Figure 6 displays a Kriging-interpolated salinity map of groundwater quality in northern New Jersey across four ambient groundwater sampling cycles (1999–2004, 2004–2008, 2009–2013, and 2014–2016). The map provides estimates of specific conductance values, which serve as indicators of salinity levels, and an overall metric for the quality of the groundwater in the region. The map aims to quantify the coverage of available freshwater in northern New Jersey, while also highlighting the WMAs that are exhibiting increasing salinity and/or characterized as “non-freshwater”. On the kriged map, colors ranging from blue to yellow indicate freshwater. The yellow color indicates a specific conductance value of 750 μS/cm, which serves as the threshold for freshwater in this study. In contrast, brownish or reddish areas on the kriged map indicate high salinity levels, reflecting poor groundwater quality.

As shown in Figure 6a, the spatial distribution of salinity reveals a distinct pattern.

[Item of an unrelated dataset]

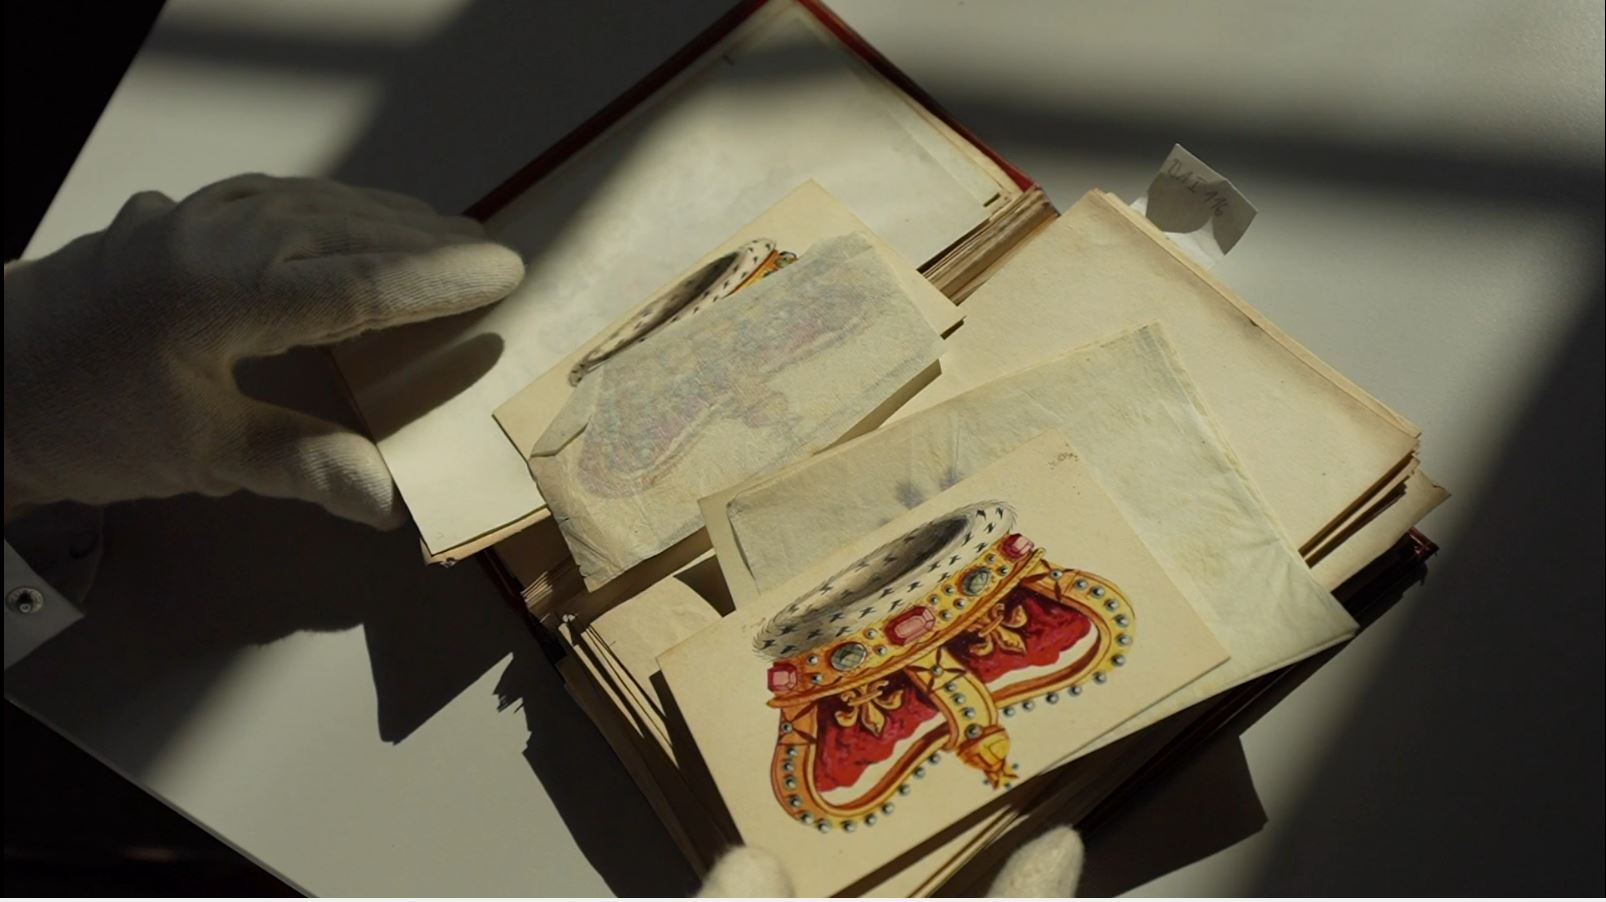 Das Bild zeigt eine Sammlung loser Blätter mit Zeichnungen in einer Mappe und die behandschuhten Hände einer untersuchenden Person.

The Northwest water region, predominantly blue, exhibits low salinity, while the Raritan region shows low to moderate salinity (ranging from green to yellow). In contrast, the Northeast region displays the highest salinity, predominantly red, during the first sampling cycle. The distinctive levels of kriged salinity in the study area are highly associated with the varied land use of the region. The most urbanized area exhibits the worst water quality, while regions with less urbanization and more undeveloped land use showed better water quality with respect to salinity.

This expression of salinity is also associated with the density of the road network across the study area. The Northeast water region, which has the most densely concentrated road network, exhibited the highest salinity. This is likely attributed to the widespread use of deicing salts, facilitated by the region’s large areas of impermeable surfaces [5,63]. Beyond deicing salt impacts, multiple studies [5,63,64] confirm wastewater as a significant contributor to elevated salt ion concentrations in water resources. In the highly urbanized Northeast region, aging combined sewer systems transport both sanitary waste and stormwater through single pipelines. During extreme precipitation events, system overflows discharge salt-laden wastewater through manholes, enabling subsurface infiltration and subsequent groundwater contamination.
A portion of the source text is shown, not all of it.